Endsley M R, Kaber D B
Department of Industrial Engineering, Mississippi State University 39762-9542, USA.
Ergonomics. 1999 Mar;42(3):462-92. doi: 10.1080/001401399185595.
Various levels of automation (LOA) designating the degree of human operator and computer control were explored within the context of a dynamic control task as a means of improving overall human/machine performance. Automated systems have traditionally been explored as binary function allocations; either the human or the machine is assigned to a given task. More recently, intermediary levels of automation have been discussed as a means of maintaining operator involvement in system performance, leading to improvements in situation awareness and reductions in out-of-the-loop performance problems. A LOA taxonomy applicable to a wide range of psychomotor and cognitive tasks is presented here. The taxonomy comprises various schemes of generic control system function allocations. The functions allocated to a human operator and/or computer included monitoring displays, generating processing options, selecting an 'optimal' option and implementing that option. The impact of the LOA taxonomy was assessed within a dynamic and complex cognitive control task by measuring its effect on human/system performance, situation awareness and workload. Thirty subjects performed simulation trials involving various levels of automation. Several automation failures occurred and out-of-the-loop performance decrements were assessed. Results suggest that, in terms of performance, human operators benefit most from automation of the implementation portion of the task, but only under normal operating conditions; in contrast, removal of the operator from task implementation is detrimental to performance recovery if the automated system fails. Joint human/system option generation significantly degraded performance in comparison to human or automated option generation alone. Lower operator workload and higher situation awareness were observed under automation of the decision making portion of the task (i.e. selection of options), although human/system performance was only slightly improved. The implications of these findings for the design of automated systems are discussed.

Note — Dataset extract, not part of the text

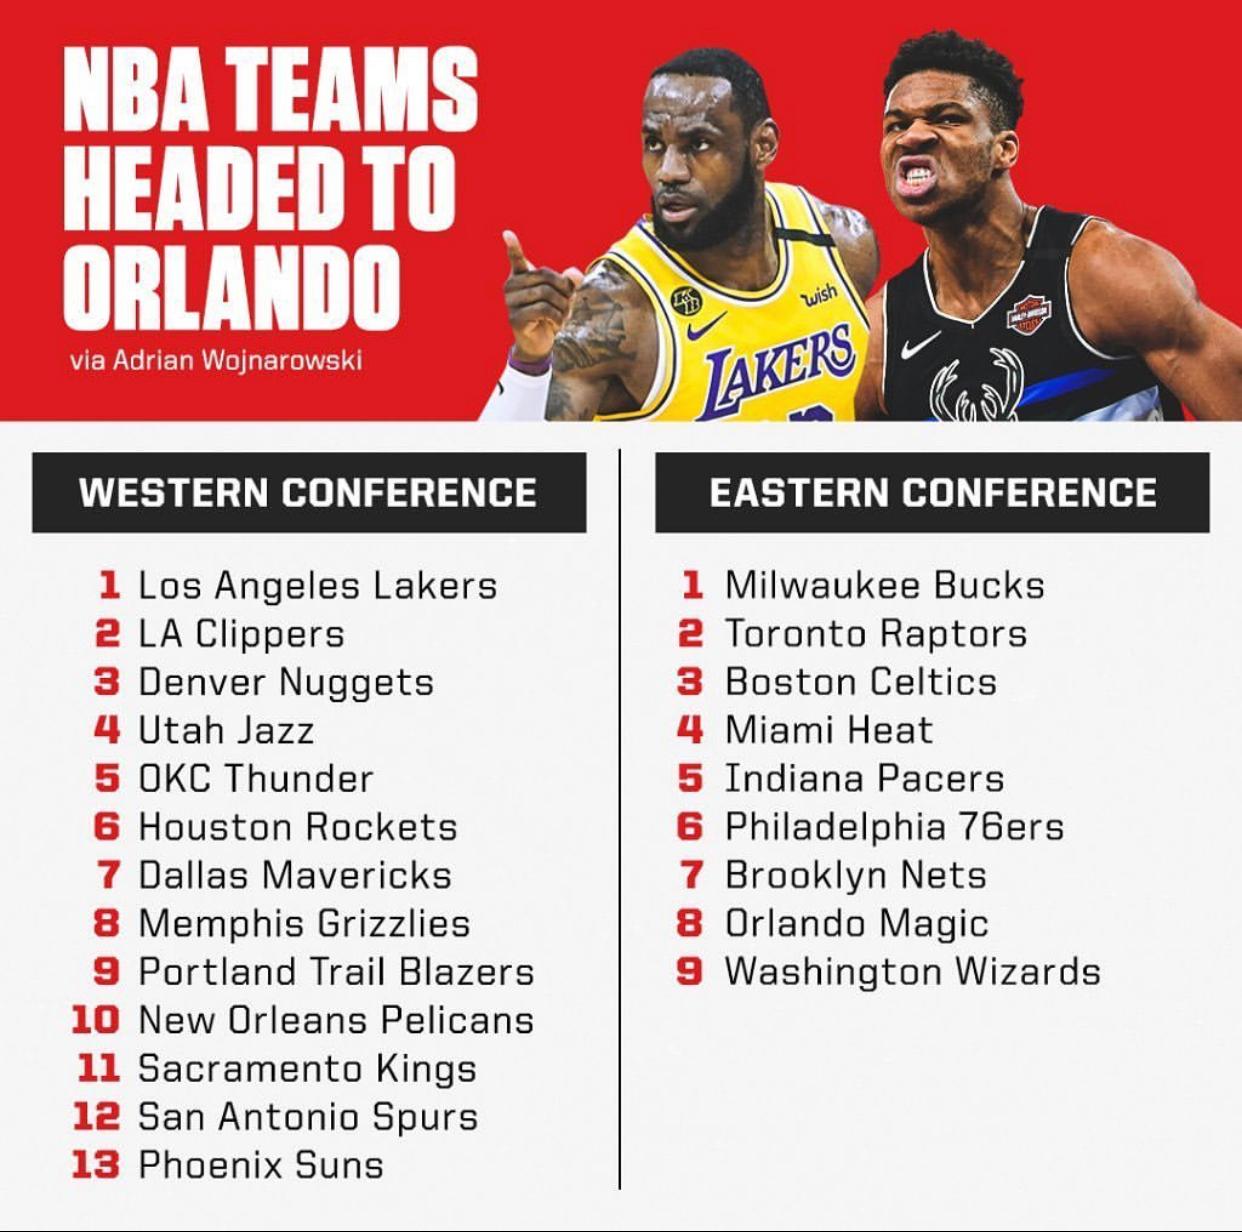 12队锁定NBA季后赛 西部第8争夺最激烈图片
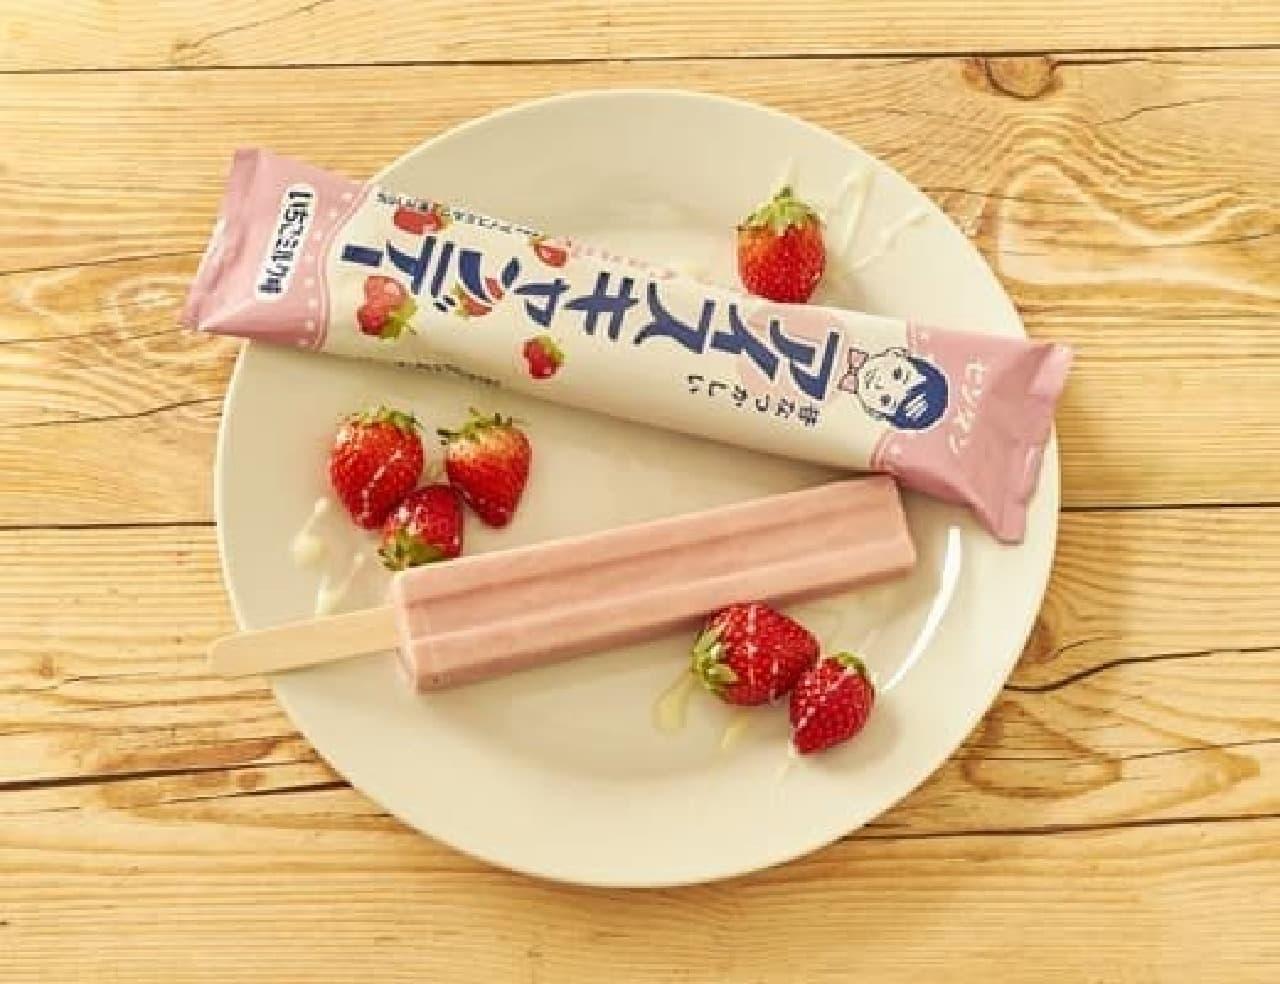 ローソン「センタン アイスキャンデーいちごミルク味 120ml」

在动态控制任务的背景下,探讨了不同自动化水平(LOA),以确定人类操作员和计算机控制的程度,作为提高整体人机性能的一种手段。传统上,自动化系统被视为二元功能分配;即要么将人类要么将机器分配到给定任务。最近,中间自动化水平被作为一种让操作员参与系统性能维护的手段进行讨论,这会提高态势感知并减少脱离回路性能问题。本文提出了一种适用于广泛的心理运动和认知任务的LOA分类法。该分类法包括通用控制系统功能分配的各种方案。分配给人类操作员和/或计算机的功能包括监控显示、生成处理选项、选择“最佳”选项并实施该选项。通过测量其对人类/系统性能、态势感知和工作量的影响,在动态复杂的认知控制任务中评估了LOA分类法的影响。30名受试者进行了涉及不同自动化水平的模拟试验。发生了几次自动化故障,并评估了脱离回路性能下降情况。结果表明,在性能方面,人类操作员在任务实施部分自动化时受益最大,但仅在正常操作条件下如此;相比之下,如果自动化系统出现故障,将操作员从任务实施中移除不利于性能恢复。与单独由人类或自动化生成选项相比,人类/系统联合生成选项显著降低了性能。在任务决策部分(即选项选择)自动化的情况下,观察到操作员工作量较低且态势感知较高,尽管人类/系统性能仅略有提高。讨论了这些发现对自动化系统设计的影响。